« Recommence ! ». Cet exaspérant petit rongeur n’avait que cette phrase à la bouche. Au passage, il agrémentait ses ordres d’un « empoté » ou « héritier en carton », qui encourageaient le garçon… à renoncer.
« C’est pourtant pas sorcier ! Trois mouvements, brefs, rapides et harmonieux ! Tu fais glisser le plat de la main sur ton avant bras. Puis main droite, tu vises le sol, main gauche tu appelles le ciel paume grande ouverte. »
Merlin avait beau répéter la figure, le bâton ne se matérialisait toujours pas. Les oiseaux et les caméléons brillaient et s’agitaient plus qu’à l’accoutumée, mais restaient coincés sous sa peau. C’était un peu comme s’il avait gratté une allumette, qu’il l’avait sentie grésiller, mais qu’au dernier moment l’étincelle avait refusé de voir le jour.

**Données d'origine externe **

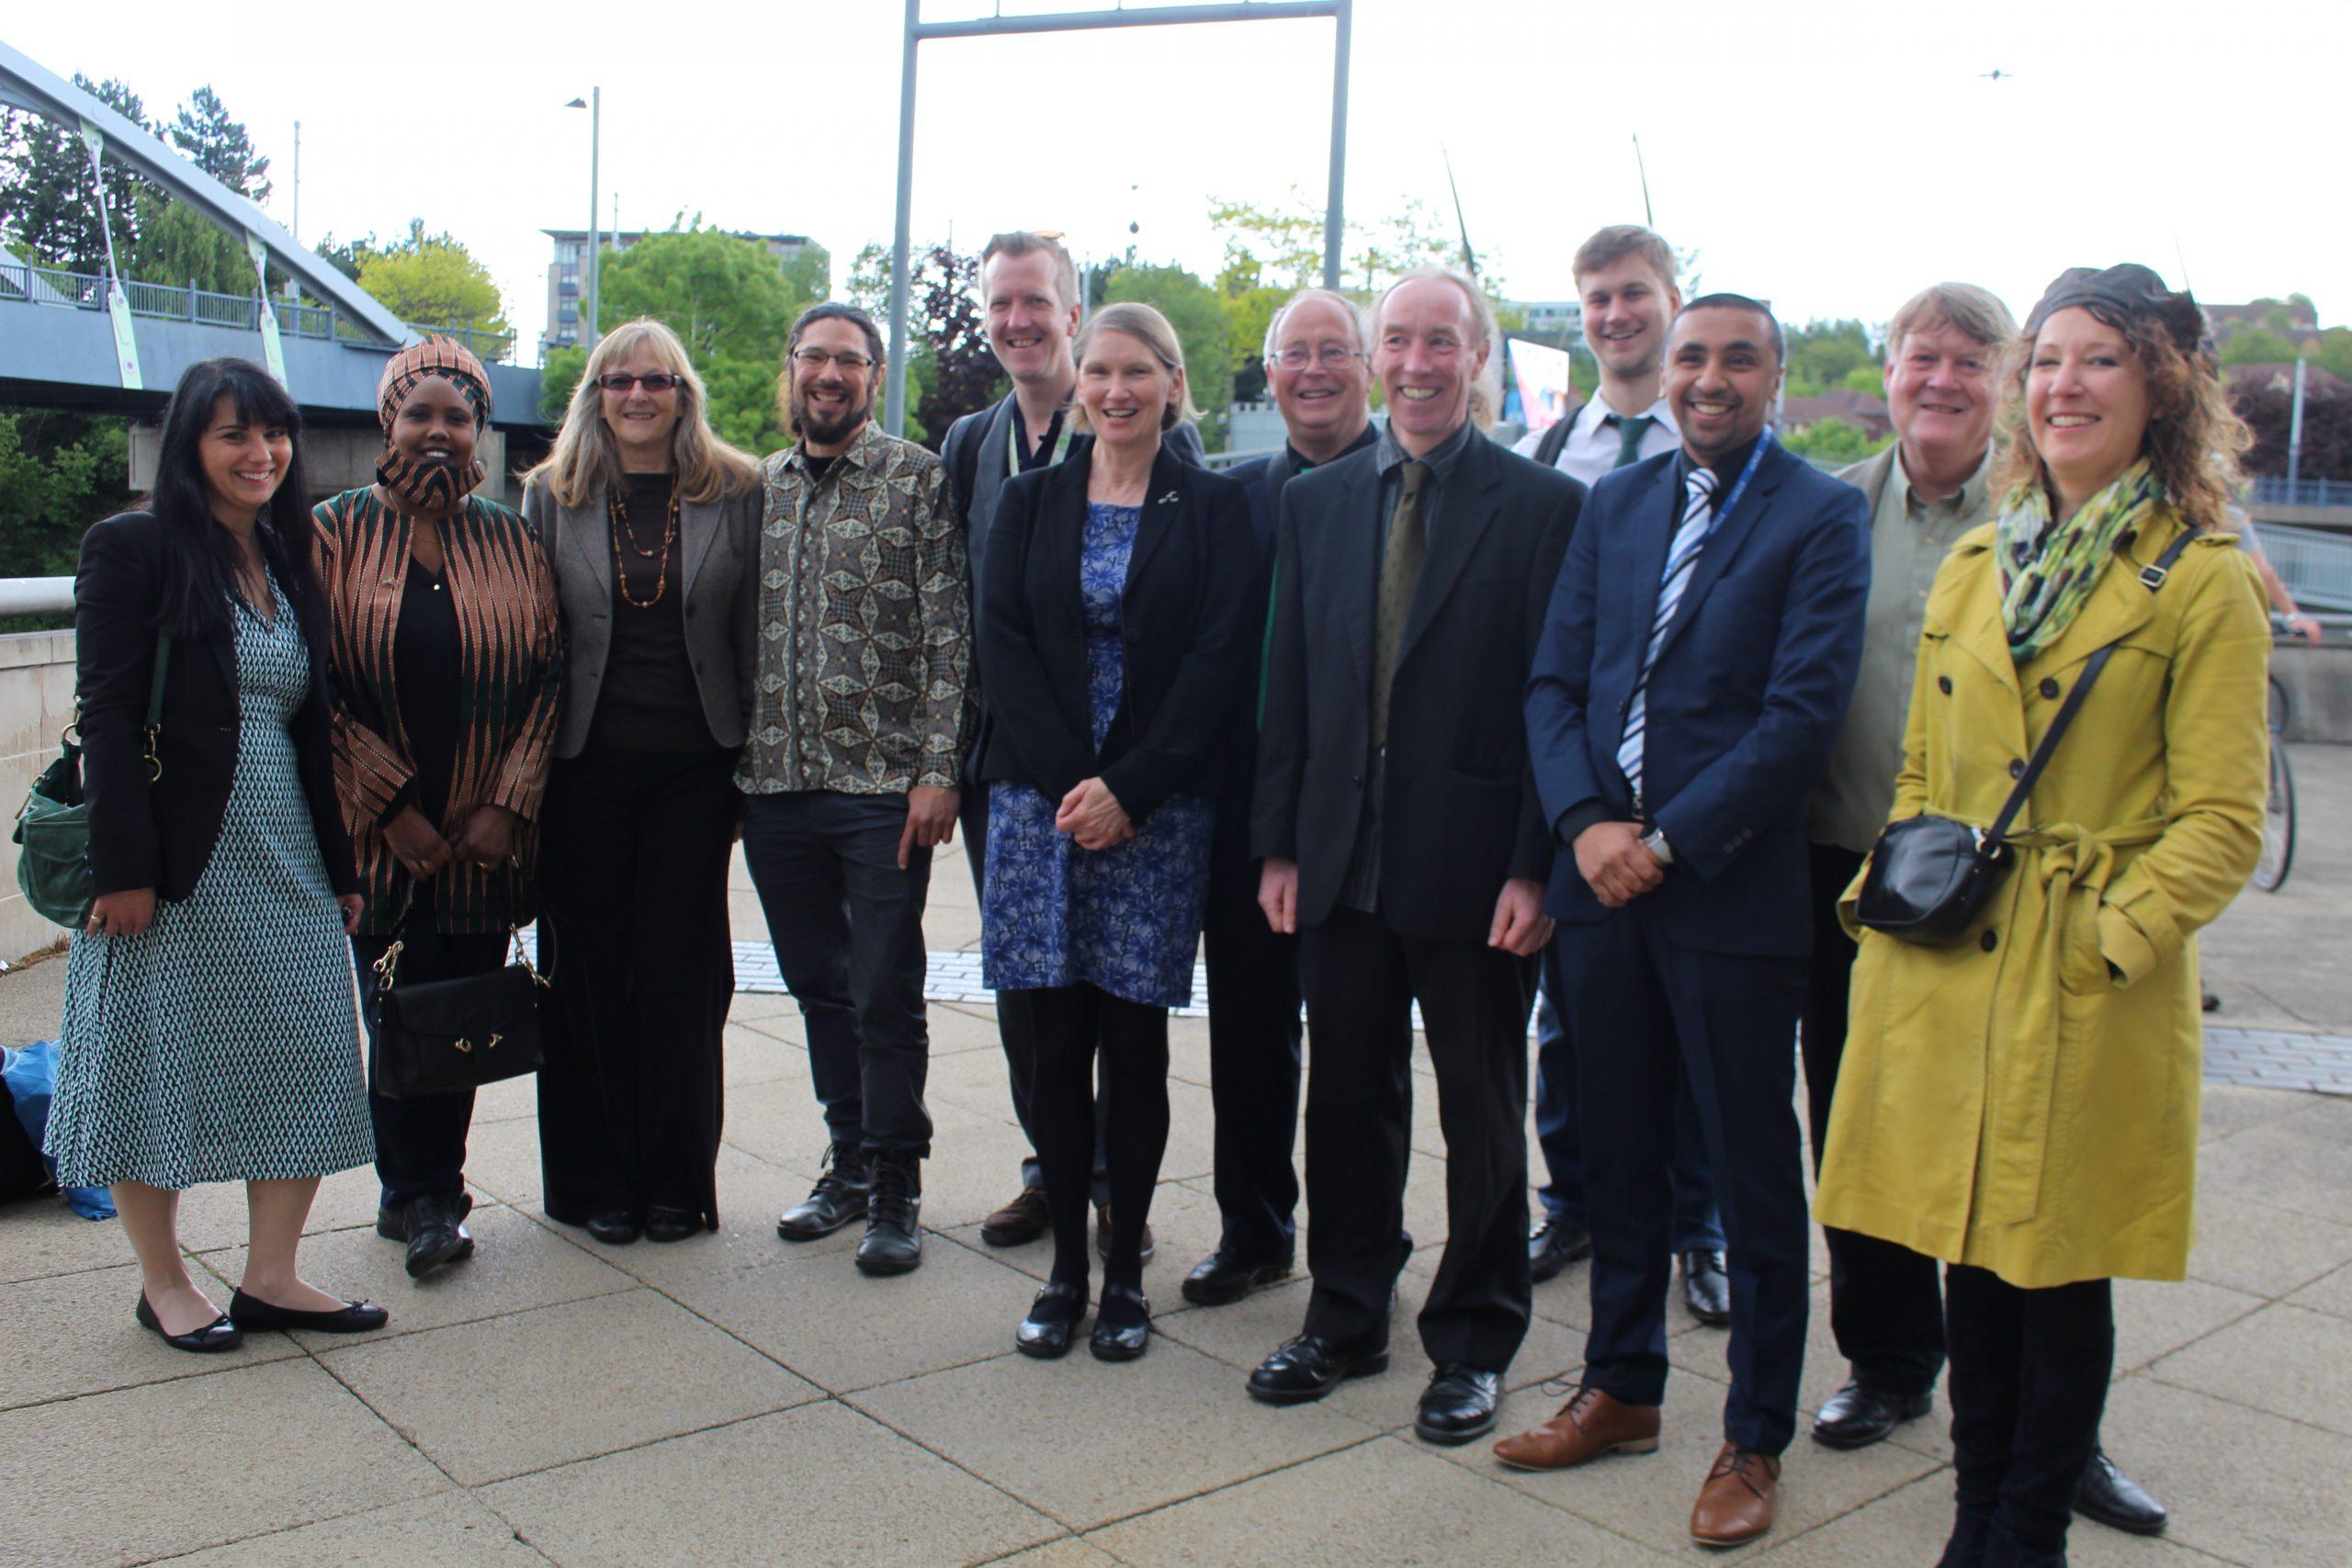 The Green Councillor Group

Pourtant, il essayait encore et encore, au point que ses mains s’agitaient seules pour exécuter une mécanique devenue familière. Peu à peu, il ancra de lui-même ses pieds dans la terre, il plia un genou pour accompagner le mouvement qui devint plus large et harmonieux. Ses mains entonnèrent une danse aérienne. Il ferma les yeux pour faire le vide. Il inspira profondément et expira pour chasser la magie de son corps. Les oiseaux s’élevèrent les premiers dans les airs nimbés d’une lumière argentée, ils se mirent en cercle, puis ce fut au tour des caméléons de quitter son poignet. Eux aussi flottèrent dans le ciel avant de se placer à leur poste. Tout ce petit monde se mit à tourner dans une intense lumière. Le temps paraissait suspendu, pourtant l’opération n’avait dû prendre que quelques secondes. Espéride apparut dans toute sa splendeur et alla se loger dans la paume de Merlin, le plus naturellement du monde.
« Enfin ! soupira Panache. Eh ben, on peut pas dire que tu sois un rapide, gamin ! Après cette entrée en matière plus que laborieuse, on va passer au plat principal : la pratique. »
L’enfant n’écoutait plus vraiment. Il n’en revenait pas de son succès. Lui, tout seul, il était parvenu à réaliser un truc qui dépassait l’entendement, un truc que personne ne croirait. Pourtant, il tenait fermement la preuve que tout cela n’était pas un rêve. Il avait tellement envie de faire tourner le bâton au-dessus de sa tête et de pousser des cris d’attaque comme dans les vieux films de Kun fu qu’il avait parfois regardés. Comme il était envieux de ces héros, respectés et craints. Dire qu’aujourd’hui, il pouvait devenir l’un d’entre eux. Alors, il commença à agiter Espéride maladroitement dans les airs. La réalité de sa maladresse naturelle le rattrapa vite, car il manqua de peu de s’assommer.
« Ce n’est pas un jouet ! Tonna Panache. On n’est pas au cirque !»
L’enfant ramassa Espéride, un peu honteux. Panache l’abreuva de termes techniques, lui parla de trajectoires, de lignes de force ou encore de centre de gravité.
« Je disais donc la pratique ! lui souffla l’écureuil au visage. N’oublie jamais un principe fondamental. Manipuler Espéride, c’est éprouver à la fois du plaisir et de la peur. »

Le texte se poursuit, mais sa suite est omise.